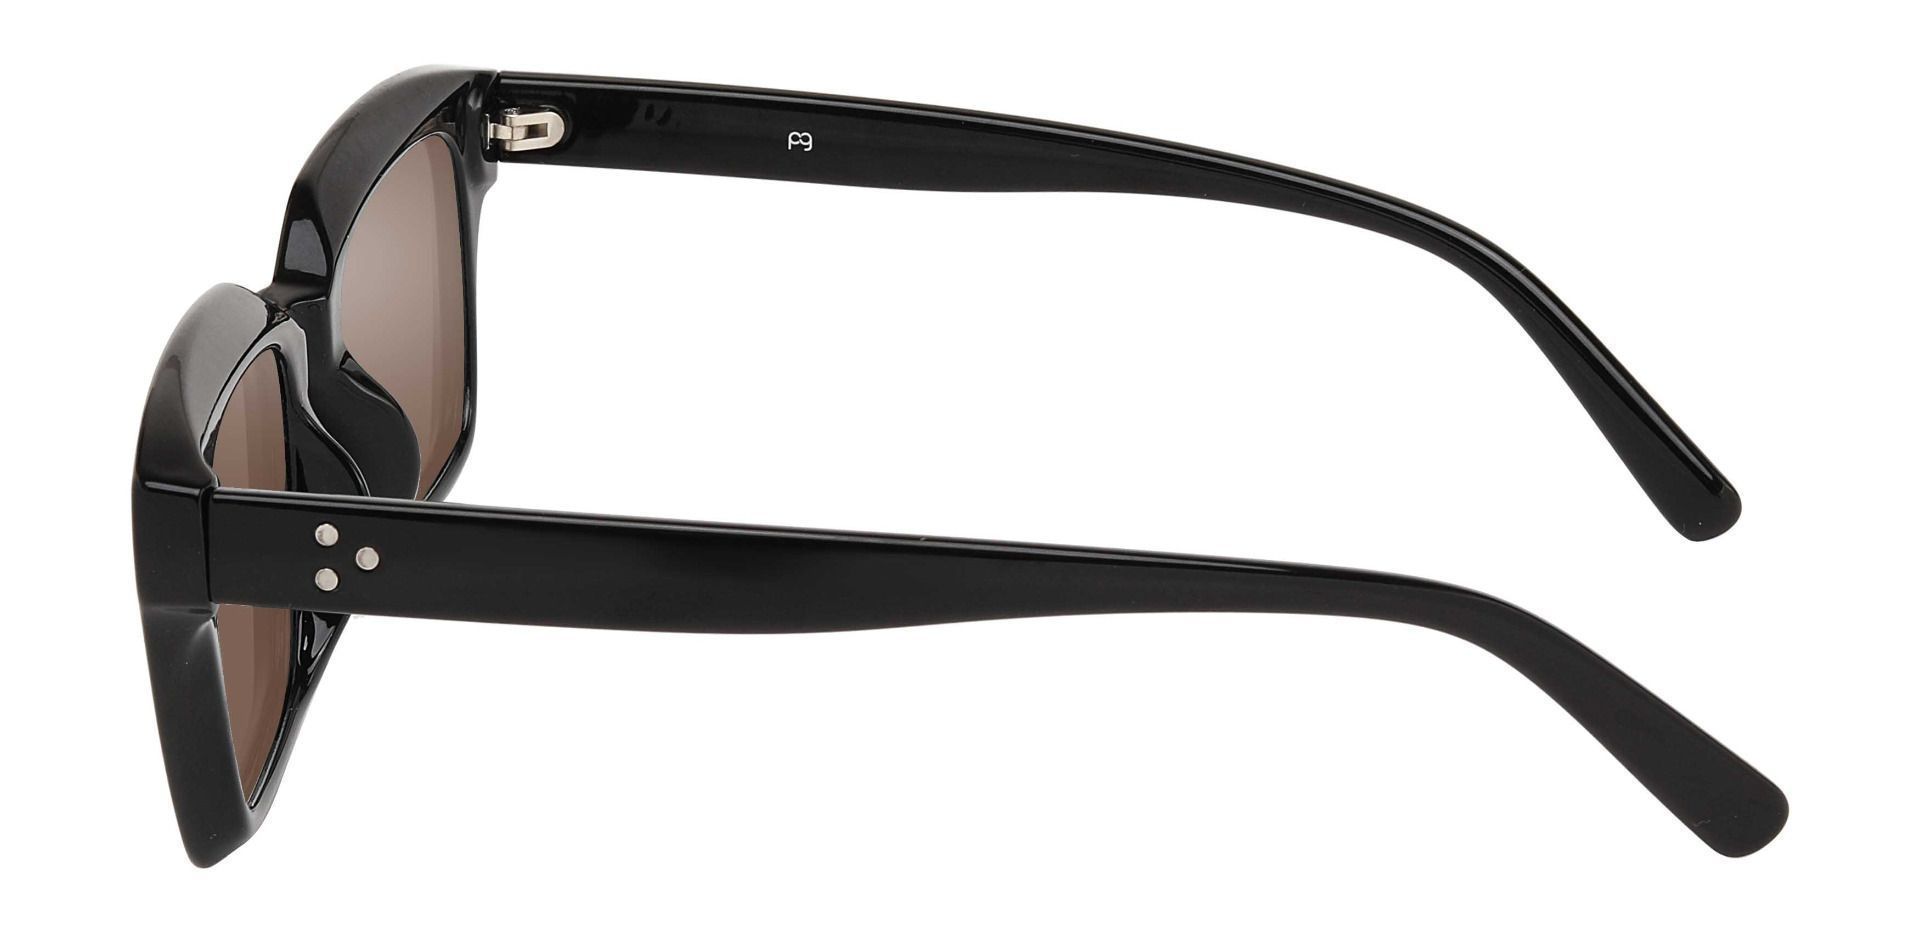 Unity Rectangle Progressive Sunglasses - Black Frame With Brown Lenses
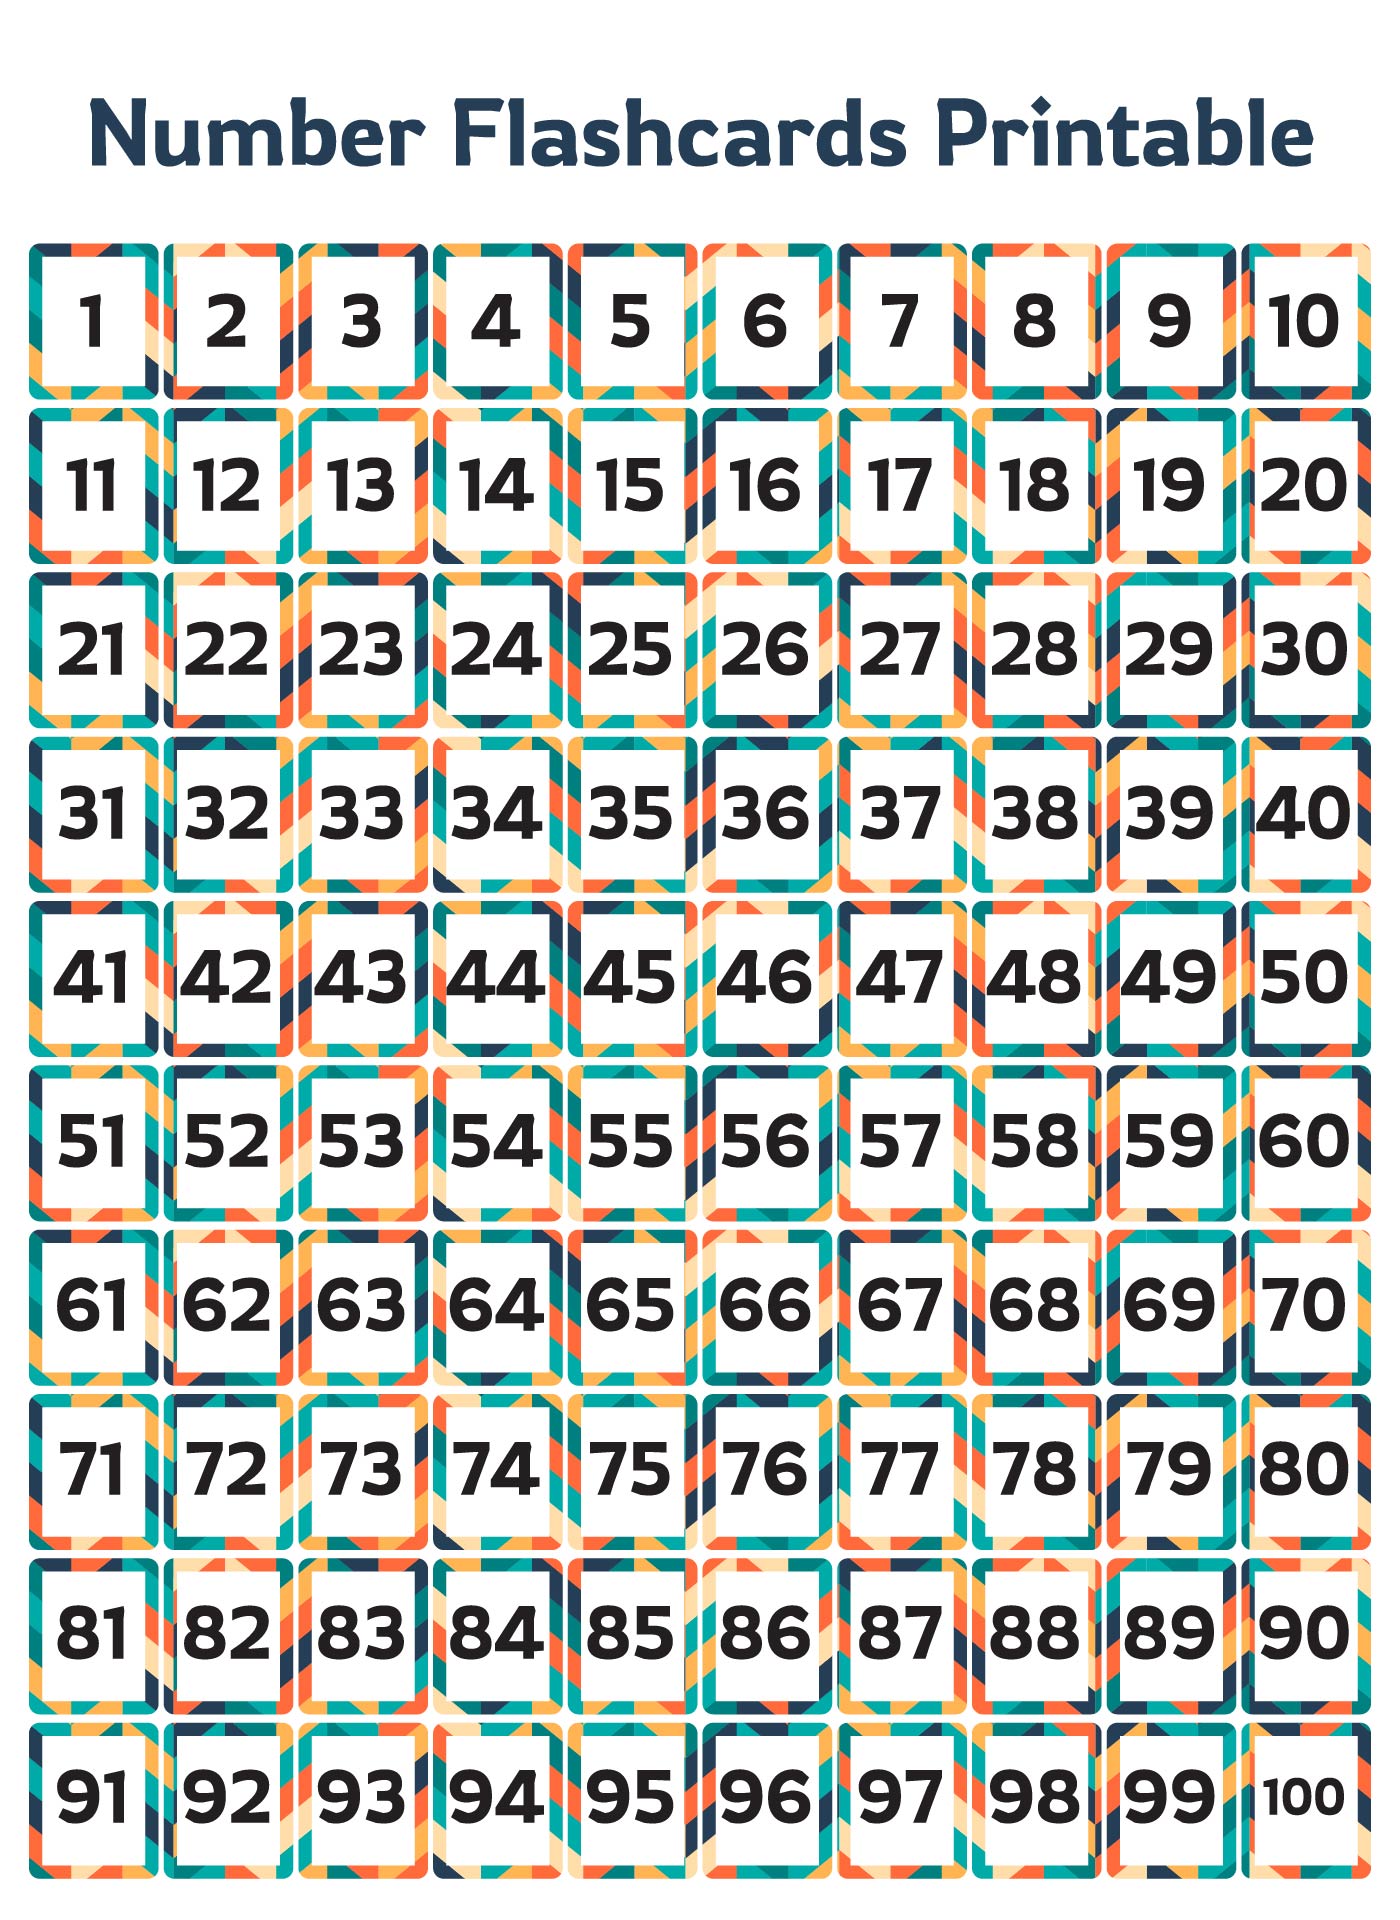 7 Best Images Of Number Flashcards 1 100 Printable Printable Number
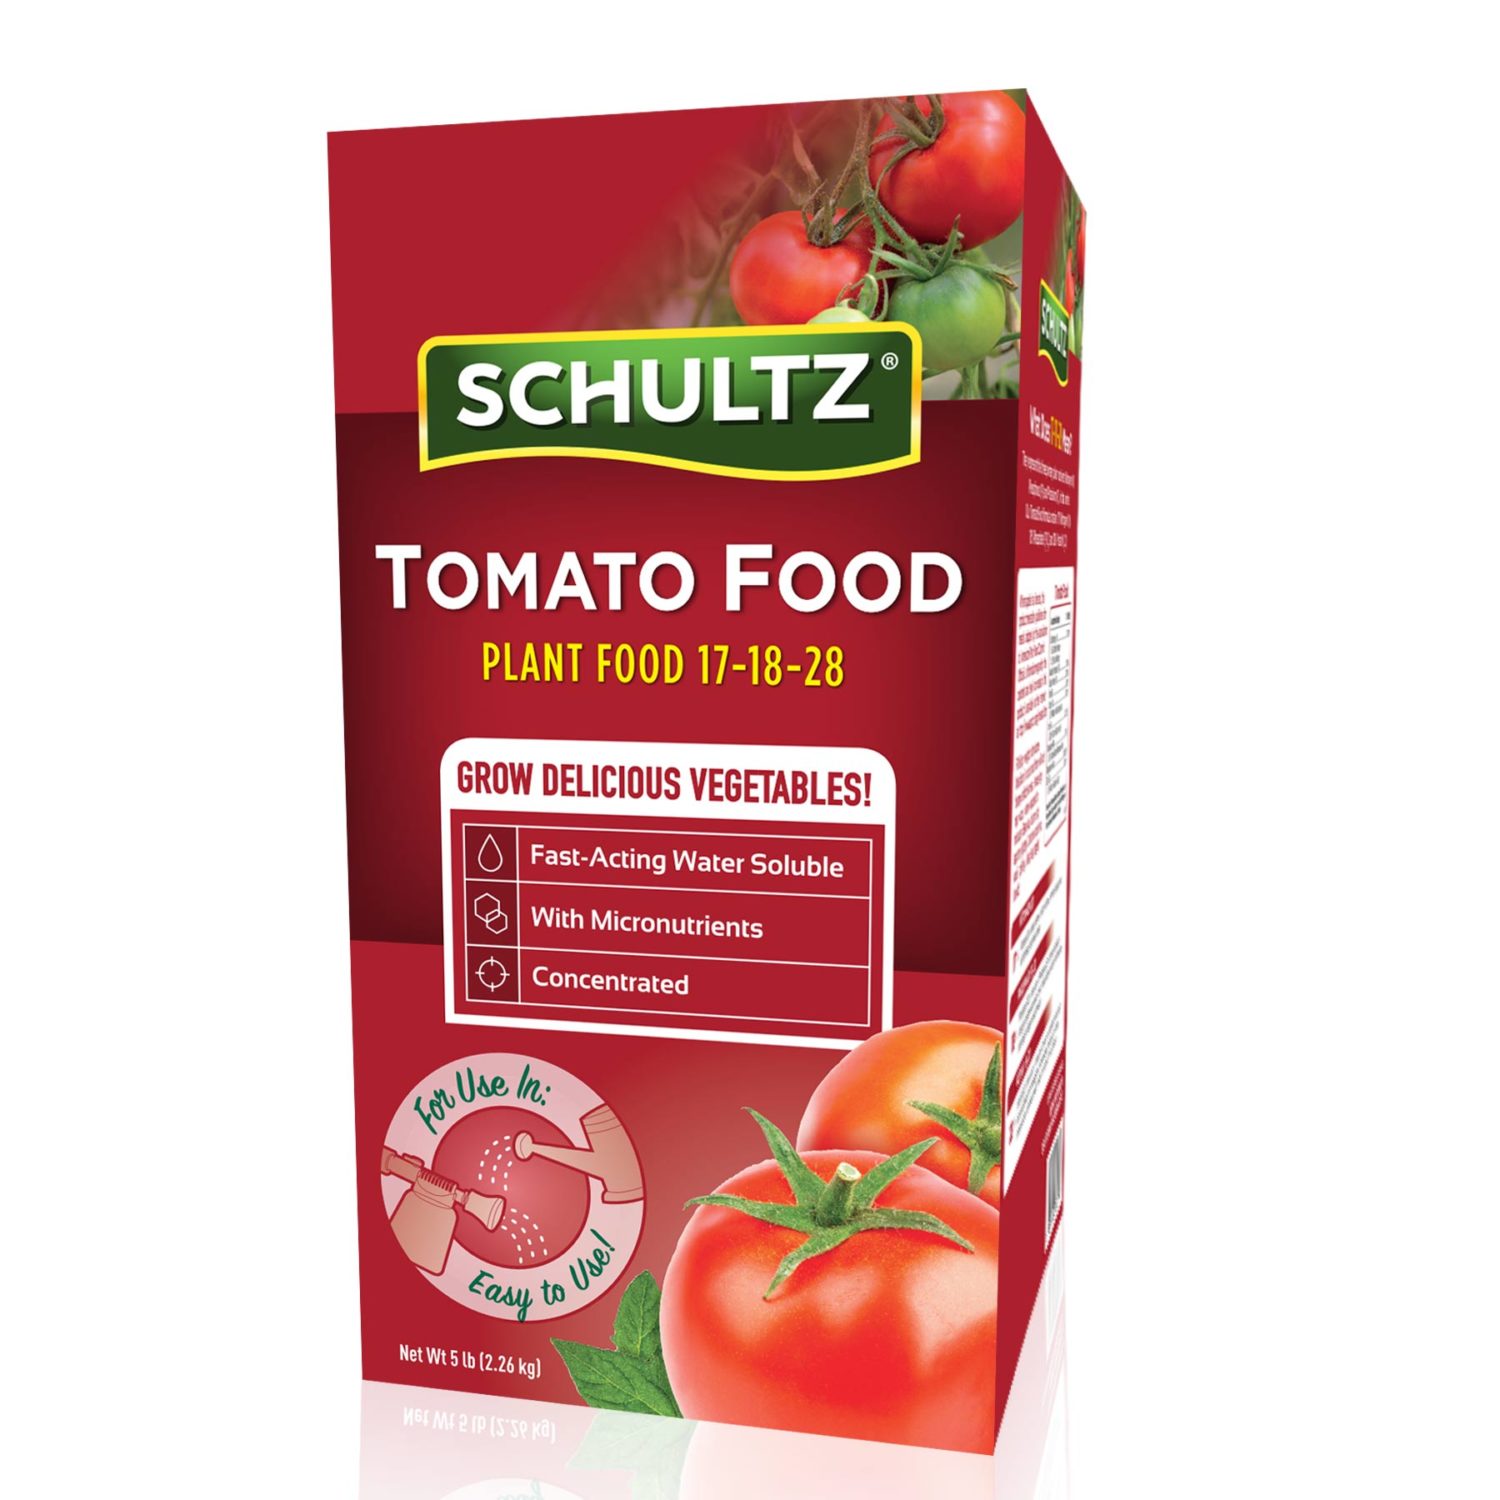 KNOX SCHULTZ tomato food
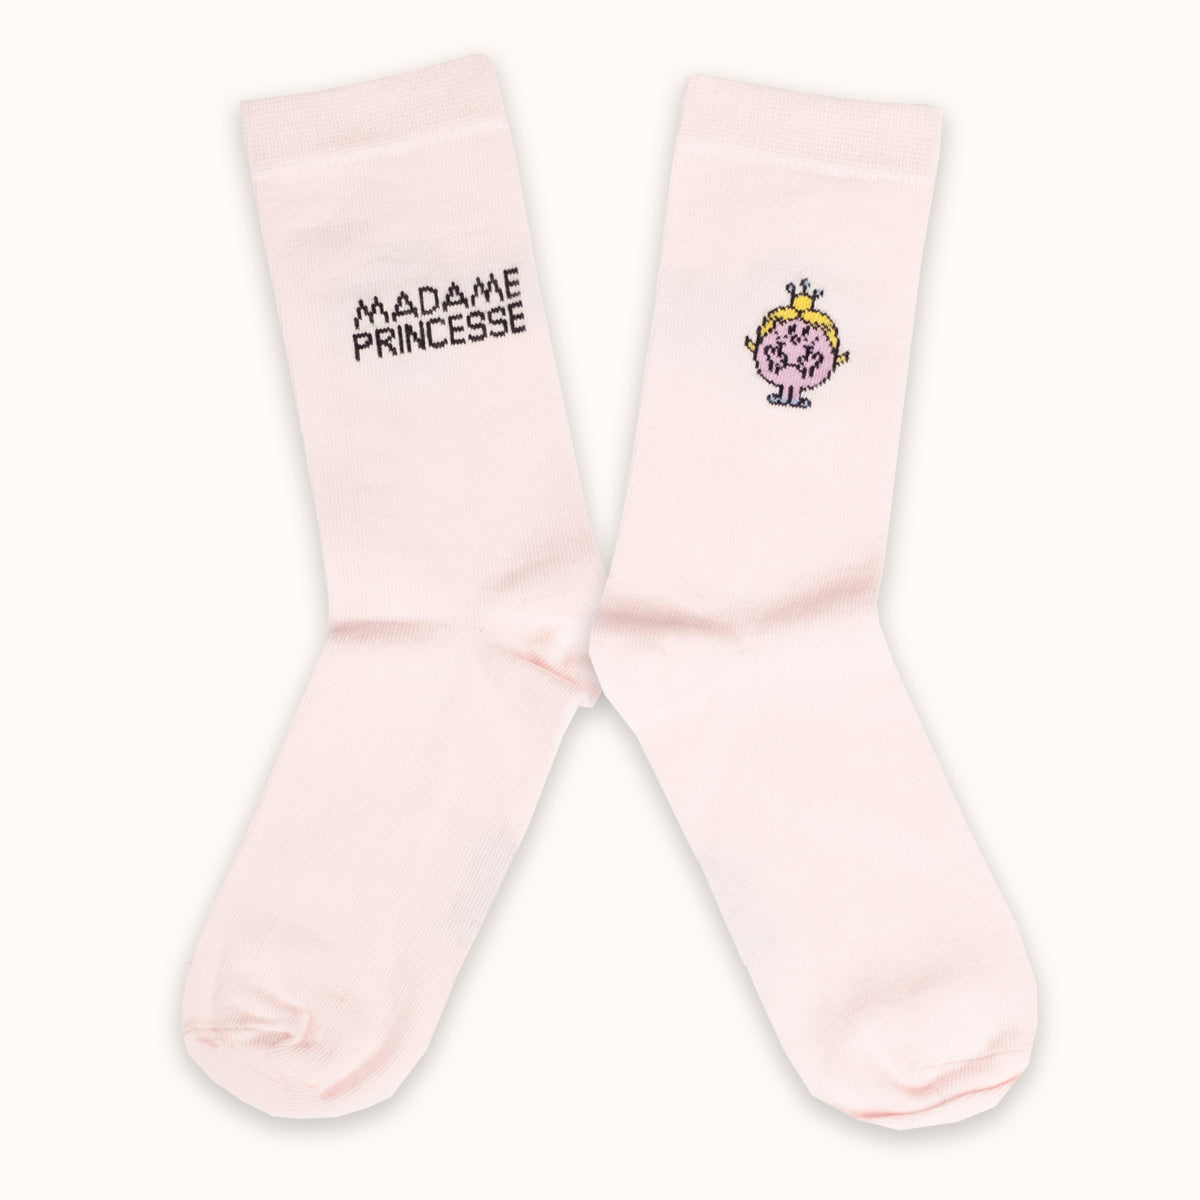 Mr. Madame socks - Madame Princess packshot

Aim of the task » Return every line of the listing exactly, leaving its pictures behind.

Response »
 Unity Rectangle Progressive Sunglasses - Black Frame With Brown Lenses
 7 Best Images Of Number Flashcards 1 100 Printable Printable Number
 KNOX SCHULTZ tomato food
 Mr. Madame socks - Madame Princess packshot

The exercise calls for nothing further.